ResultSet `fetchmany_arrow`/`fetchall_arrow` methods fail during `concat_tables`
Hi there,
I'm using this client library to fetch much data from our DBX environment. The version I'm using is 3.3.0.
The library keeps crashing when attempts to concatenate two current and partial results. I can not attach to full trace, because it contains some of the internal schemas, but here is the gist of it:
creation_date
First Schema: creation_date: timestamp[us, tz=Etc/UTC]
Second Schema: creation_date: timestamp[us, tz=Etc/UTC] not null
status
First Schema: status: string
Second Schema: status: string not null
sender_id
First Schema: sender_id: string
Second Schema: sender_id: string not null
.
.
.
and a few other fields with the exact same discrepancy
The exact stack trace is
Traceback (most recent call last):
File "/Users/X/work/scripts/raw_order.py", line 34, in <module>
for r in tqdm(cursor, total=max_items):
File "/Users/X/work/.venv/lib/python3.10/site-packages/tqdm/std.py", line 1181, in __iter__
for obj in iterable:
File "/Users/X/work//.venv/lib/python3.10/site-packages/databricks/sql/client.py", line 422, in __iter__
for row in self.active_result_set:
File "/Users/X/work//.venv/lib/python3.10/site-packages/databricks/sql/client.py", line 1112, in __iter__
row = self.fetchone()
File "/Users/X/work/.venv/lib/python3.10/site-packages/databricks/sql/client.py", line 1217, in fetchone
res = self._convert_arrow_table(self.fetchmany_arrow(1))
File "/Users/X/work/.venv/lib/python3.10/site-packages/databricks/sql/client.py", line 1193, in fetchmany_arrow
results = pyarrow.concat_tables([results, partial_results])

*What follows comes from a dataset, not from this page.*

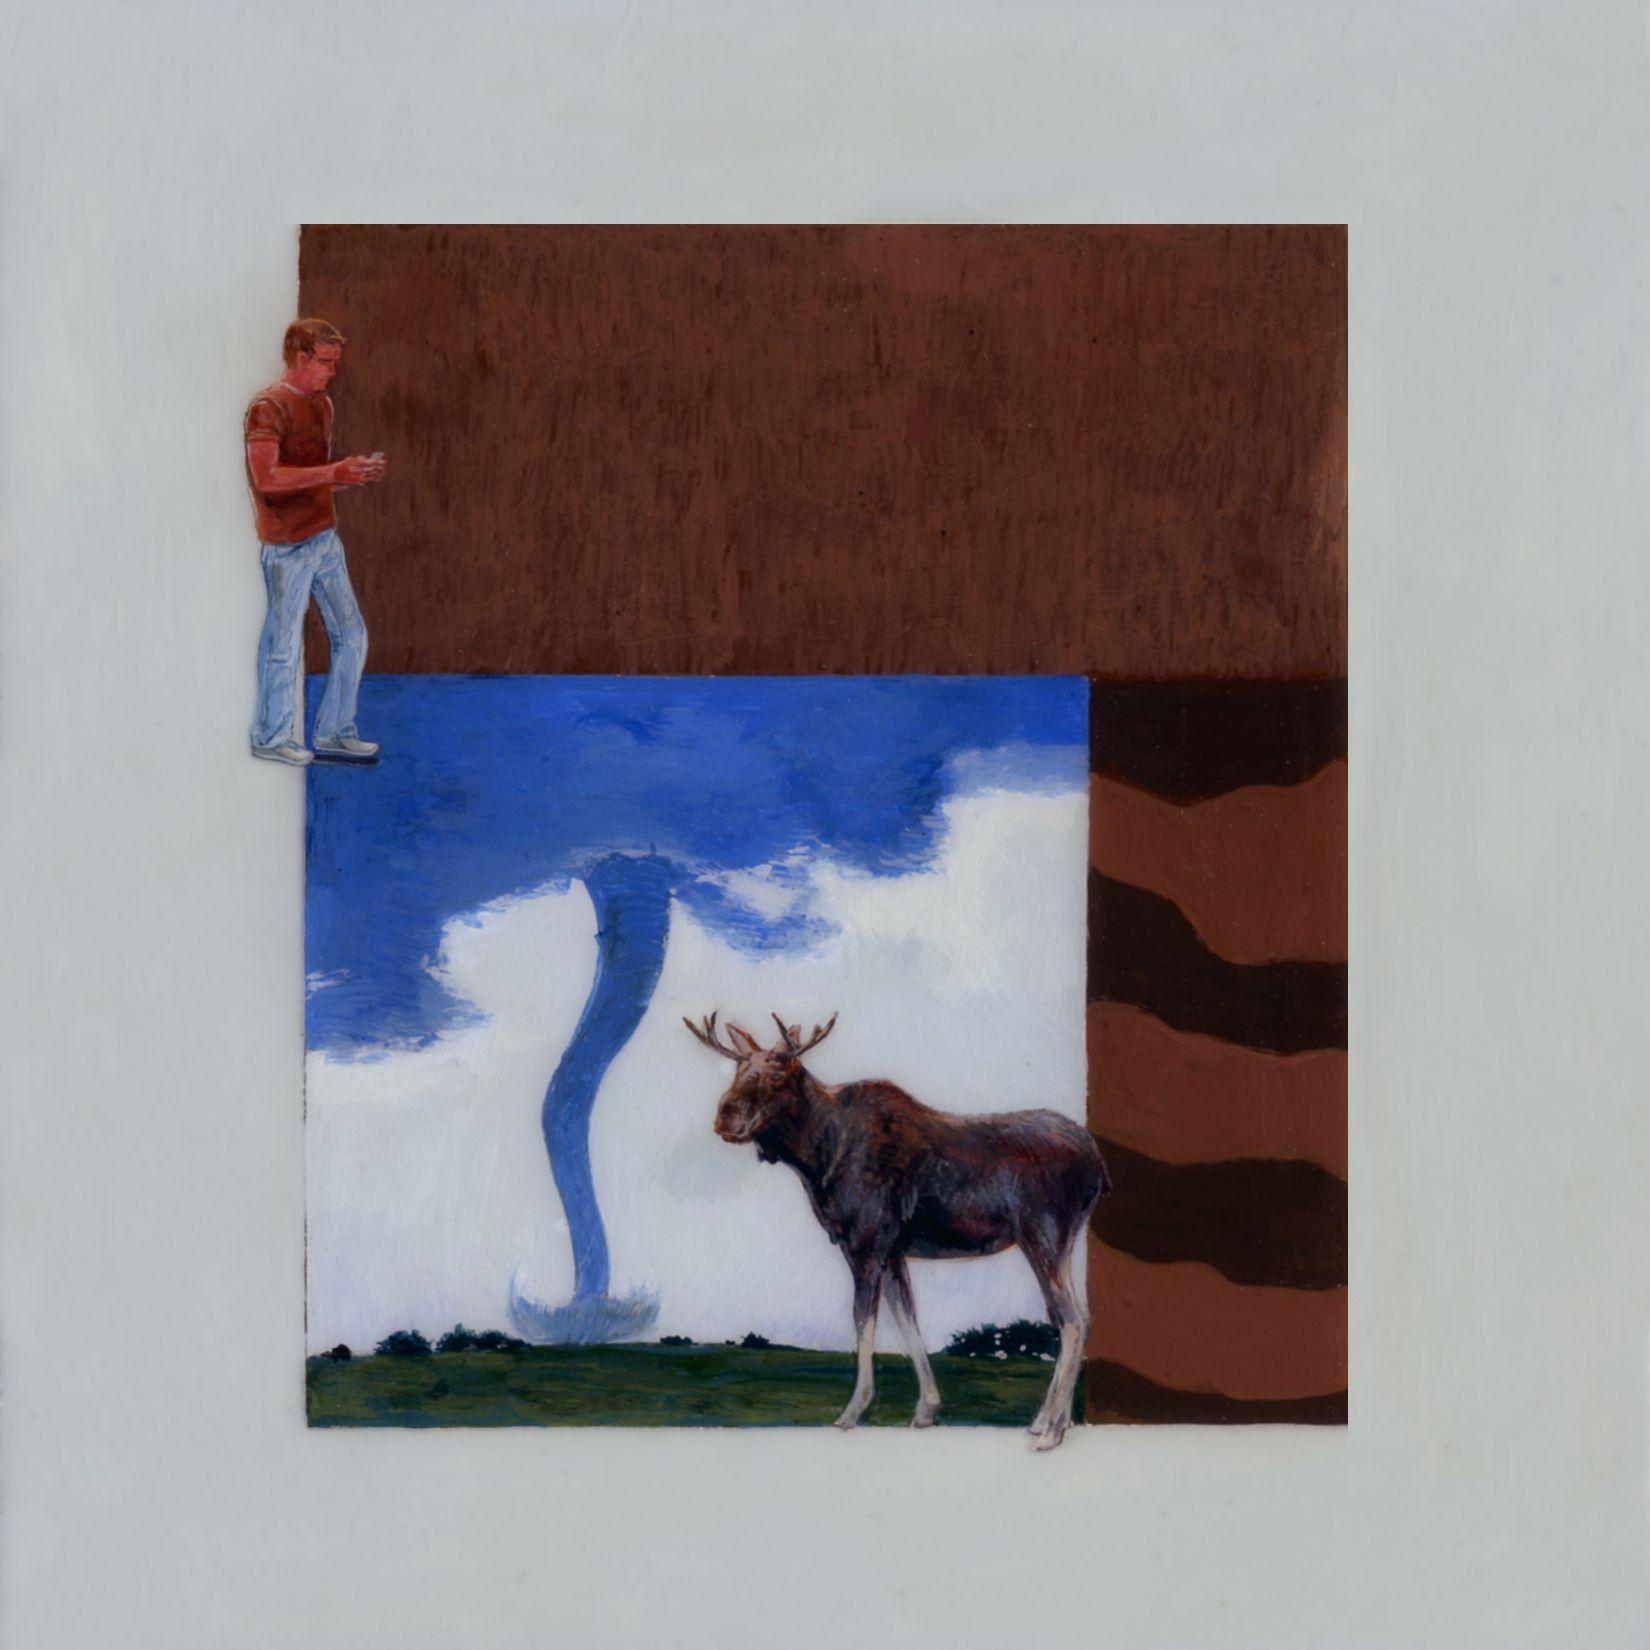 ADAM MYSOCK Davie Crockett, Pecos Bill, the Bull Moose Party, and a

File "pyarrow/table.pxi", line 5962, in pyarrow.lib.concat_tables
File "pyarrow/error.pxi", line 154, in pyarrow.lib.pyarrow_internal_check_status
File "pyarrow/error.pxi", line 91, in pyarrow.lib.check_status
pyarrow.lib.ArrowInvalid: Schema at index 1 was different:
GOES INTO DETAILS SPECIFIED ABOVE AS TO WHAT IS DIFFERNT
The data is coming through a cursor like this
connection = sql.connect(
server_hostname="X",
http_path="B",
access_token=app_settings.dbx_access_token,
)
cursor = connection.cursor()
max_items = 100000
batch_size = 10000
cursor.execute(
f"SELECT * from X where creation_date between '2024-06-01' and '2024-09-01' limit {max_items}"
)
The source table is created through a CTAS statement, so all fields are nullable by default. I have found two ways to resolve the issue:
- either set
results = pyarrow.concat_tables([results, partial_results], promote_options="permissive")promote options topermissiveto so pyarrow can marry two schemas, or - Downgrade to the latest previous major version
2.9.6
I checked the 2.9.6 source code and it does not seem to be using a permissive schema casting, so seems like a regression in this case.
I'm not sure if I can add anything else beyond that, but do let me know.
And to be clear, I request like 100k records at a time there, and can iterate through like 95k of them, and then it fails. So I'm not really sure if there is a reliable way to reproduce that
If the cluster runtime matters, 13.3 LTS (includes Apache Spark 3.4.1, Scala 2.12)
Thanks!